Dress for depositions and trial should not be overlooked. An expert in a suit is more credible than one in boots and blue jeans. Any file folder brought to trial or deposition will likely be reviewed by the other attorney. Seemingly small items such as this can determine whether a case is won or lost. Remember, the persuasiveness of expert testimony is ultimately judged by the expert's appearance, the quality and clarity of exhibits, and most of all, the expert's preparation.

Cross-Examination of Expert Witnesses

Your ability to effectively cross-examine the opposing expert bears a direct relationship to the extent of preparation of your expert, as well as the opposing expert's preparation. The lawyer who knows more about the facts or theories applicable to a particular case than the expert witness will destroy that expert's credibility, and therefore the opinion he or she offered on direct examination. The unprepared expert may be able to handle an unprepared or inexperienced lawyer but will almost always be embarrassed by a competent, prepared lawyer.

The author recommends the following techniques to his expert witnesses for use during their cross-examination by opposing counsel:

  1. Make liberal use of exhibits when responding.
  2. Listen to each question carefully and answer only the question asked. If the formulation of the question makes it impossible to answer, say so and explain why.
  3. Pause before answering a question so the attorney can object.
  4. Look at the arbitrators, judge or jury when answering questions. Good eye contact is a component of effective communication.
  5. Try to state your major points in answer to questions. This tactic calls for "no, because," "yes, but" or "the reason that is true is. . ."
  6. If you are unfamiliar with an article or textbook, you should ask to see it. You should take sufficient time in reviewing to decide whether you can say it is not relevant.
  7. Always maintain your composure. Do not show frustration with incompetence or endless repetition. Answer patiently and the best you can. Let the judge or jury be frustrated and impatient.
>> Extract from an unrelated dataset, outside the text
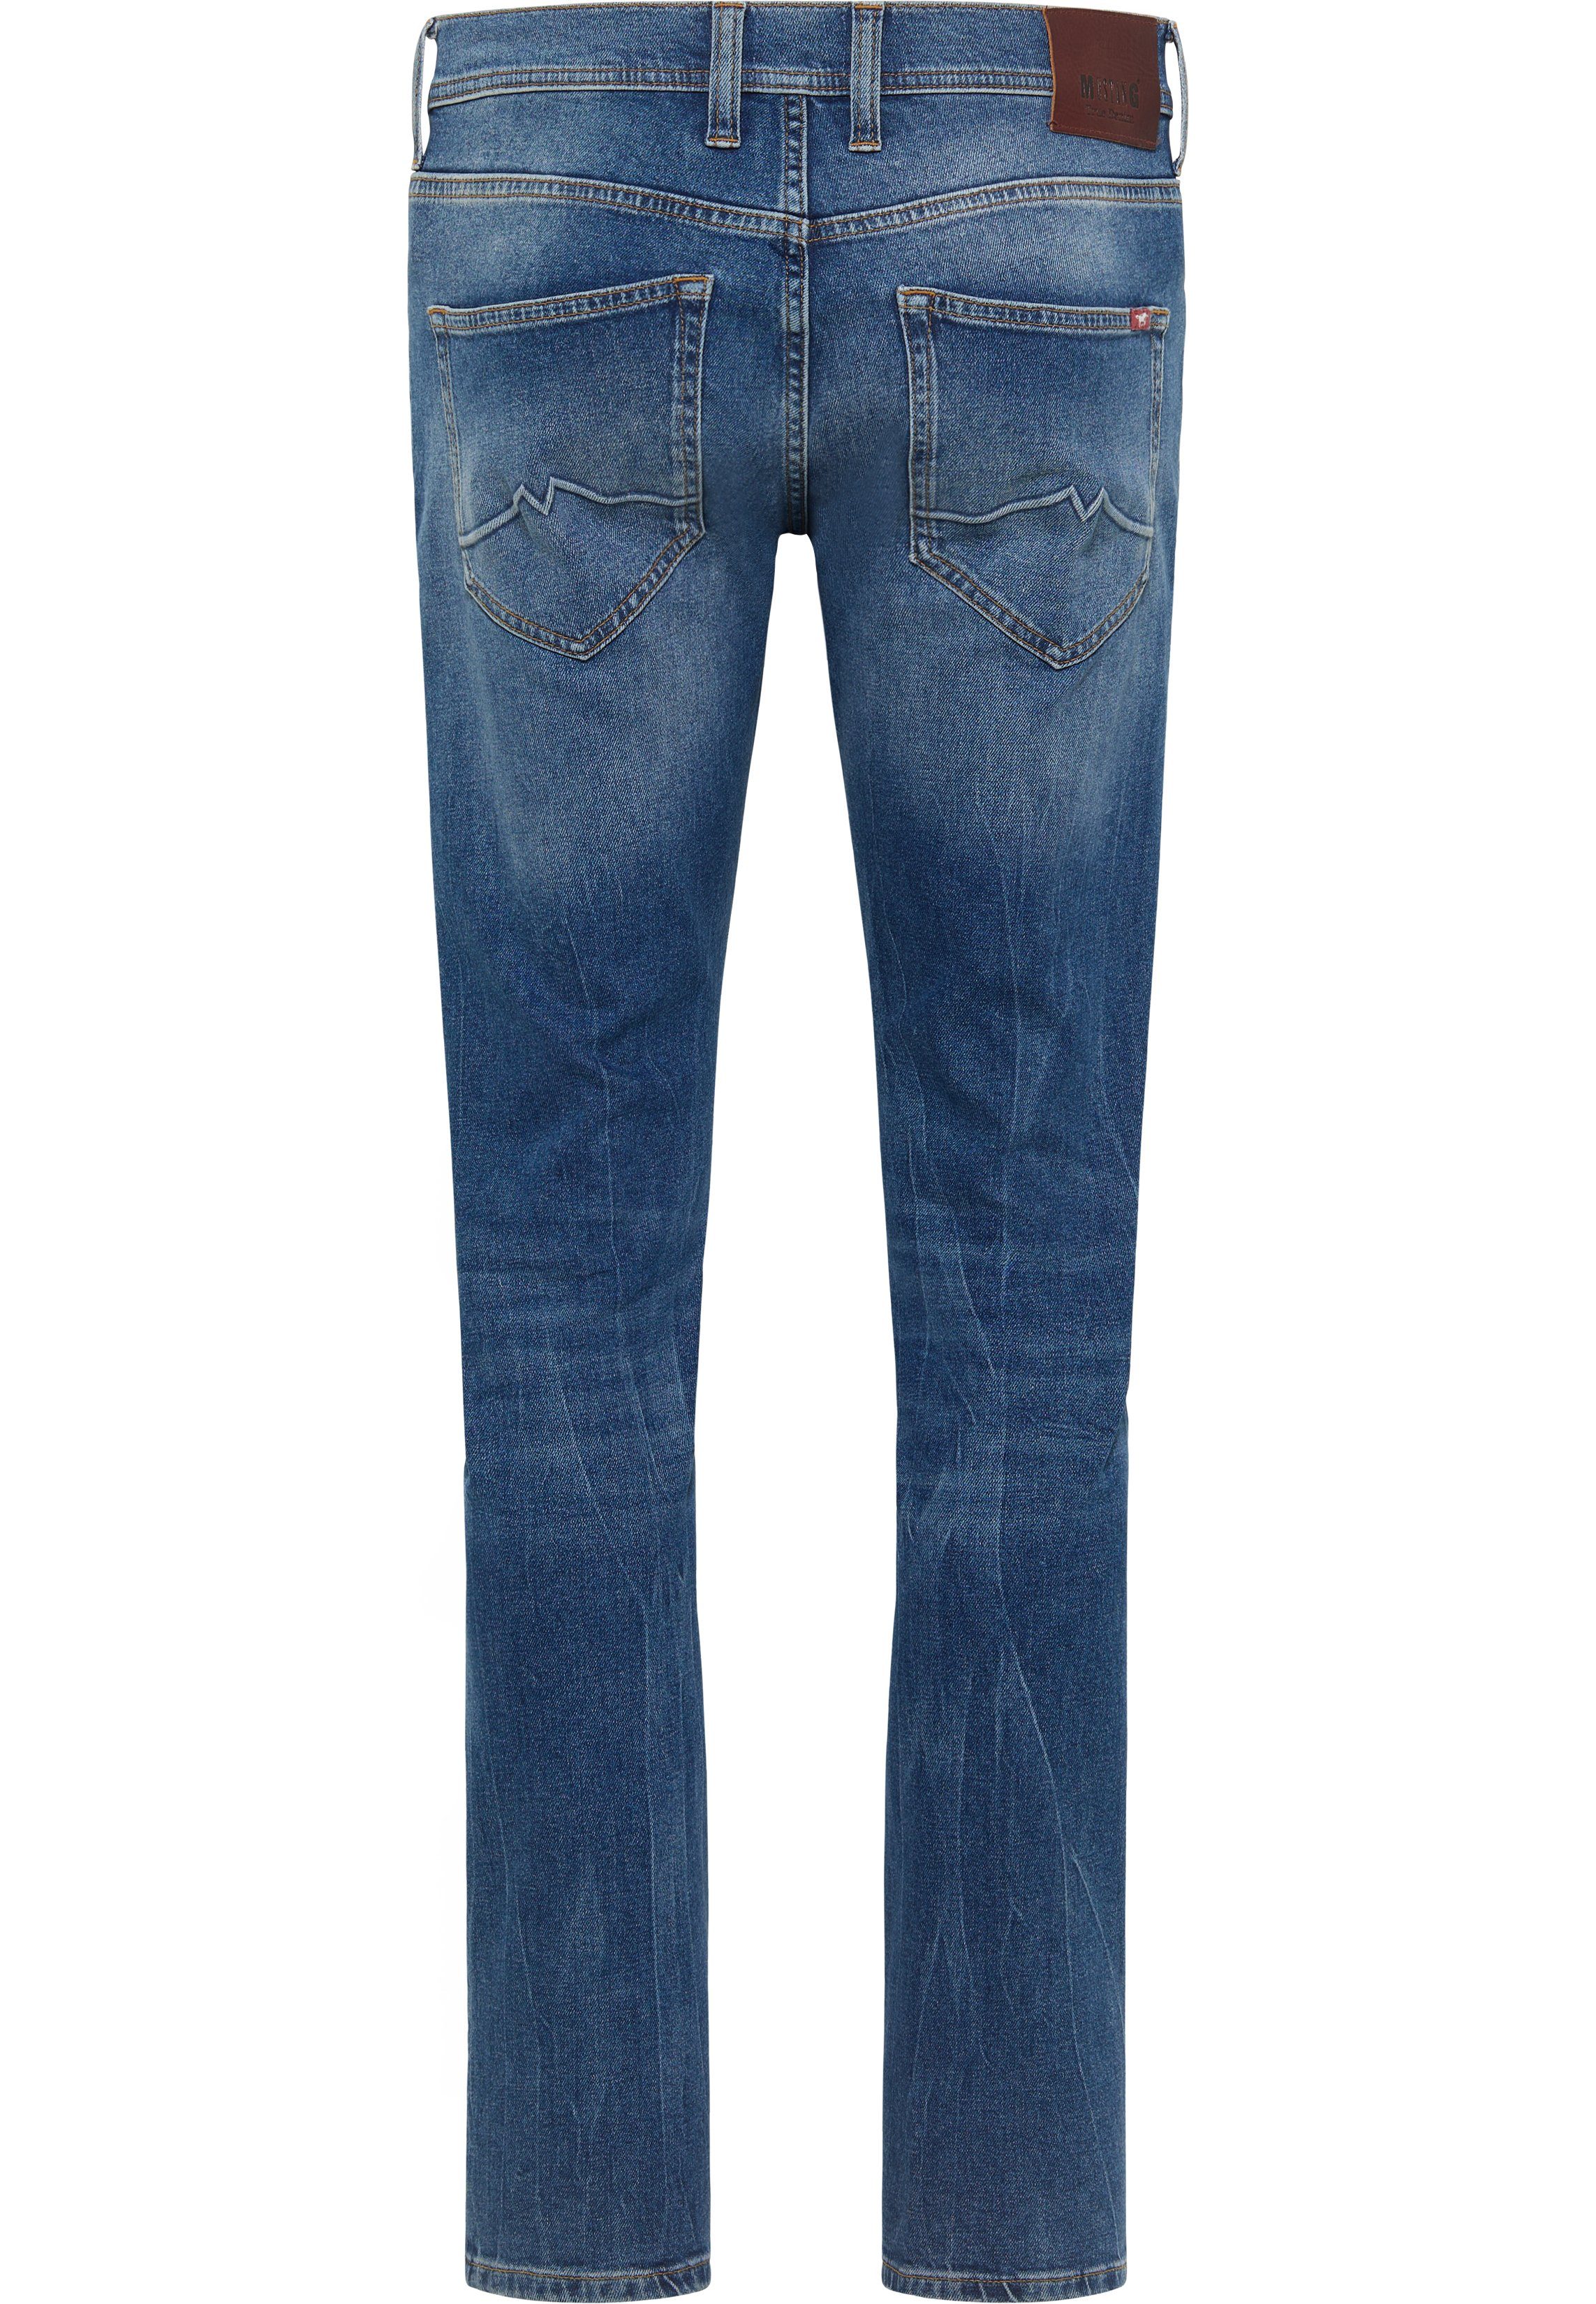 MUSTANG 5-Pocket-Jeans Oregon used medium blue Tapered

A carefully chosen, properly qualified and prepared expert witness can be your single most powerful tool in litigation. Alternately, a hastily chosen, ill-qualified, and unprepared expert can be extremely damaging. Make sure that you are prepared, and be ready to take advantage when your opponent is not.

This article is intended to inform the reader of general legal principles applicable to the subject area. It is not intended to provide legal advice regarding specific problems or circumstances. Readers should consult with competent counsel with regard to specific situations.